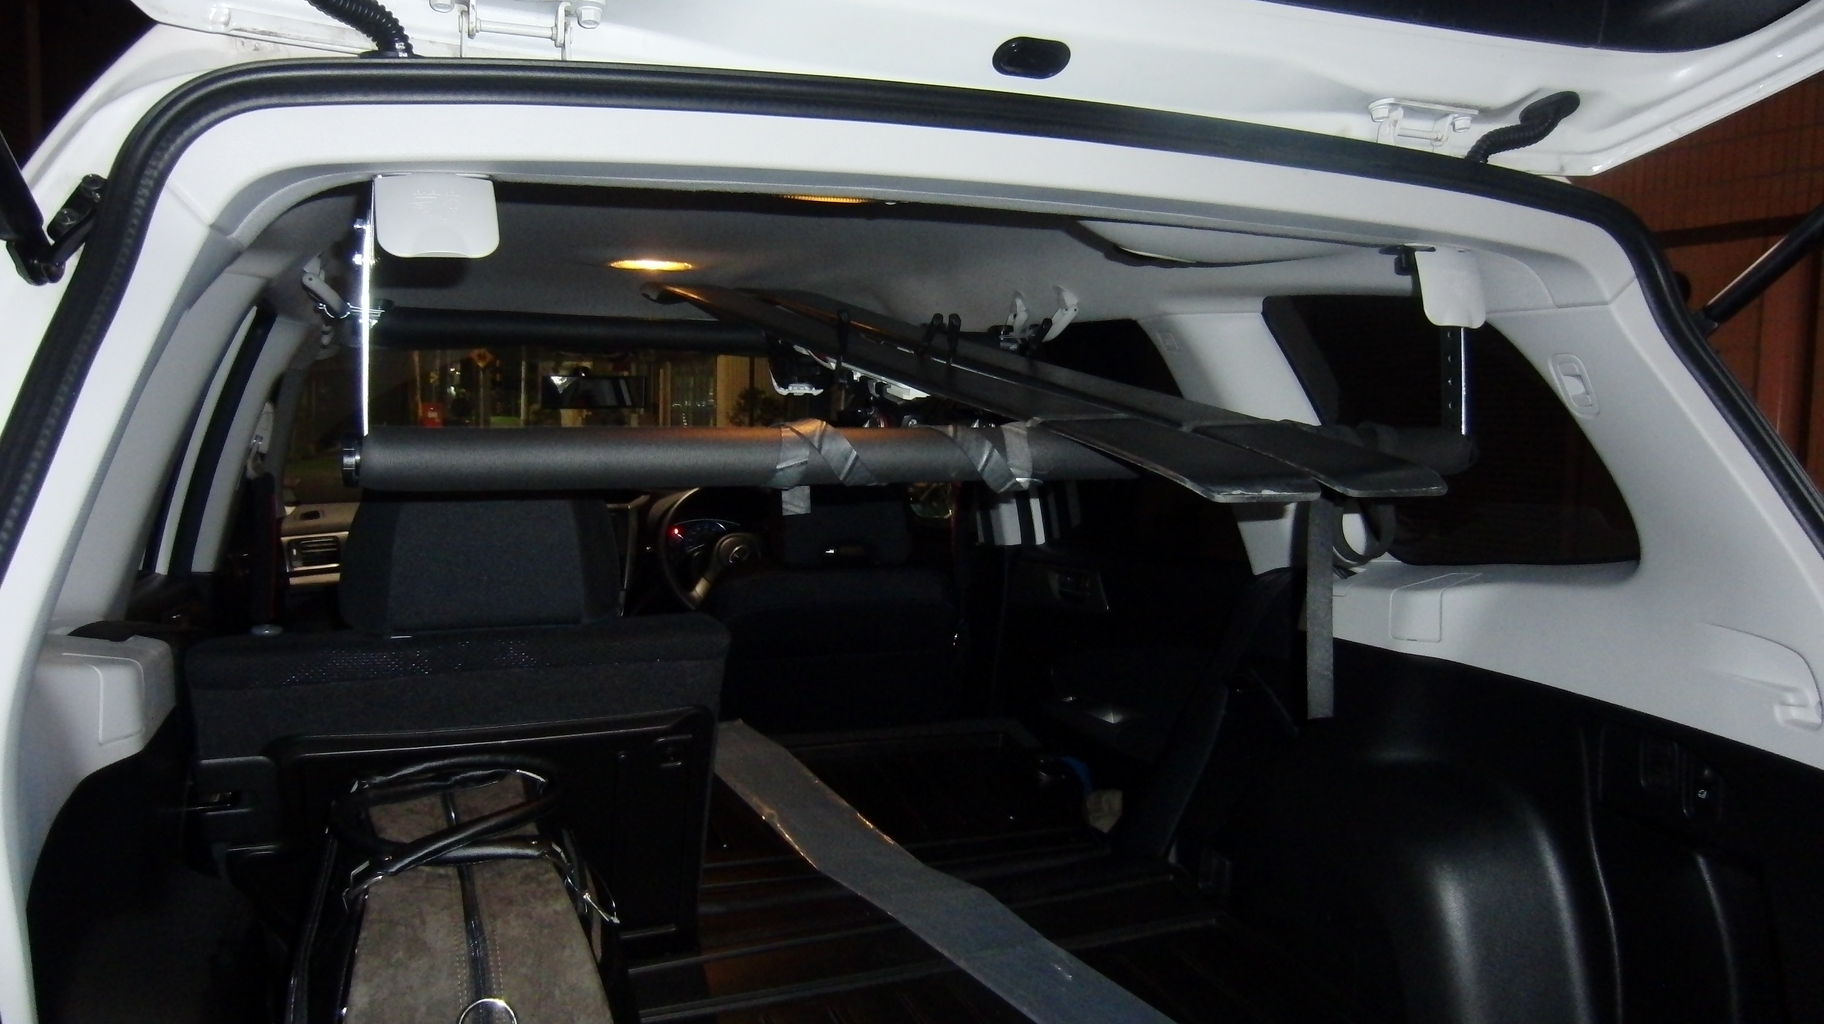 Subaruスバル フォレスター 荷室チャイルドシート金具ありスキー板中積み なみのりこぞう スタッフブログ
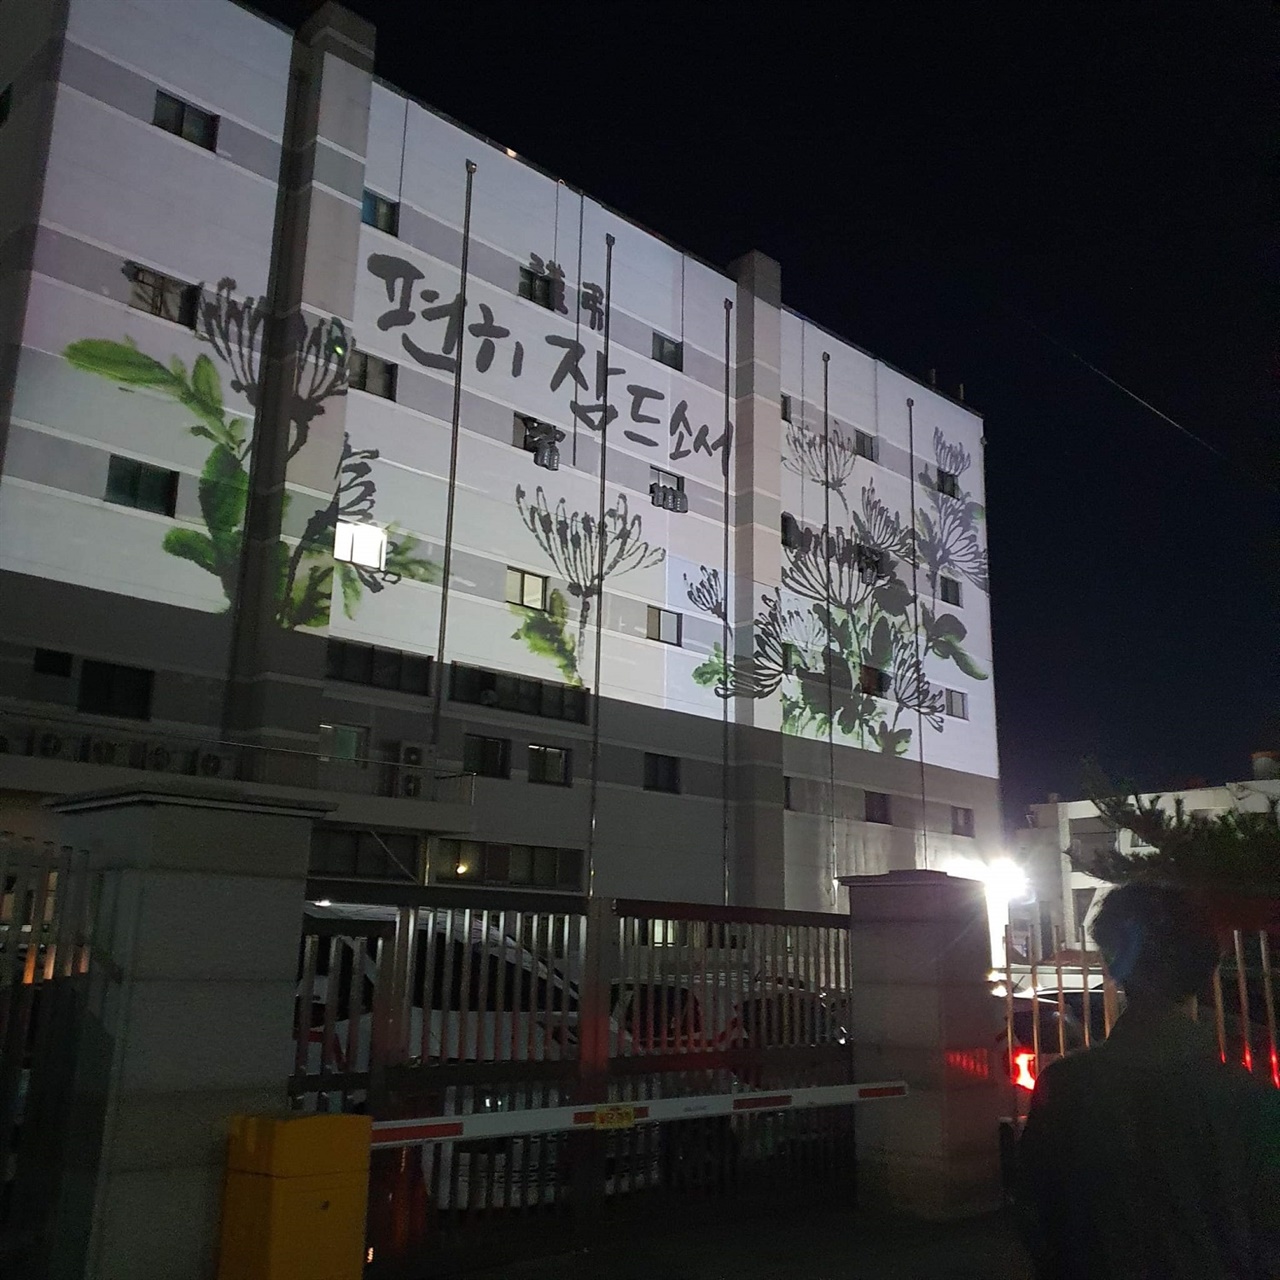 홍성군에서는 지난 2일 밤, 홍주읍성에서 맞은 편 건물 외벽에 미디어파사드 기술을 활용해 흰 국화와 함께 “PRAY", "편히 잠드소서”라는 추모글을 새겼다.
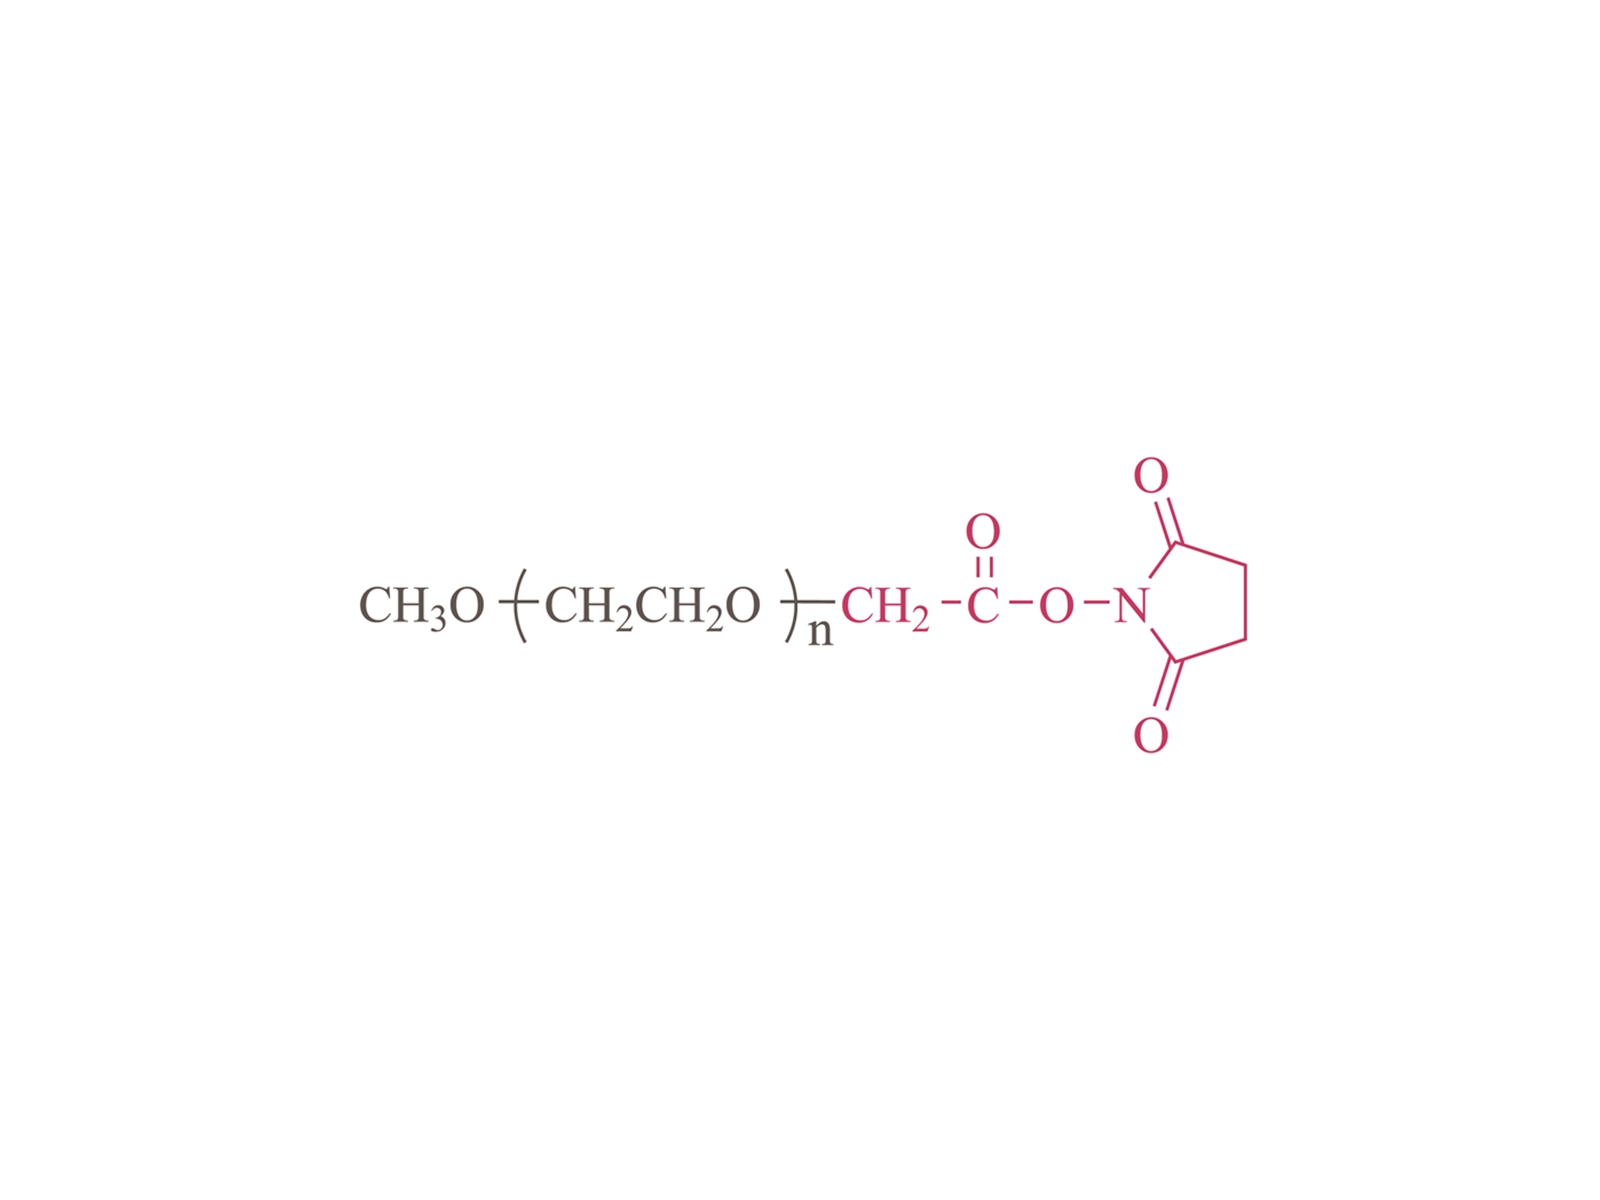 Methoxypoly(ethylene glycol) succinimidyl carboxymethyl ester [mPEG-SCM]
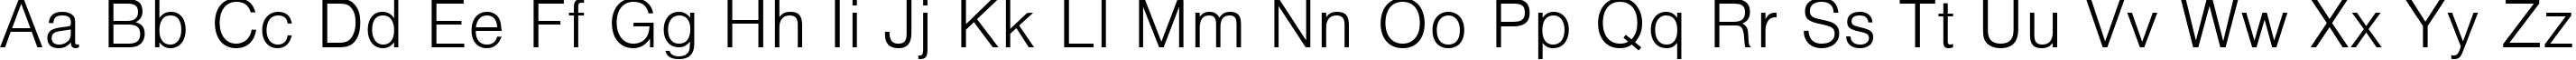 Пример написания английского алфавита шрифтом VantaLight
========================================
> **Task description**
What this calls for is the material above set down exactly, pictures excluded.

> **Exercise result**
 Subaruスバル フォレスター 荷室チャイルドシート金具ありスキー板中積み なみのりこぞう スタッフブログ
 홍성군에서는 지난 2일 밤, 홍주읍성에서 맞은 편 건물 외벽에 미디어파사드 기술을 활용해 흰 국화와 함께 “PRAY", "편히 잠드소서”라는 추모글을 새겼다.
 Methoxypoly(ethylene glycol) succinimidyl carboxymethyl ester [mPEG-SCM]
 Пример написания английского алфавита шрифтом VantaLight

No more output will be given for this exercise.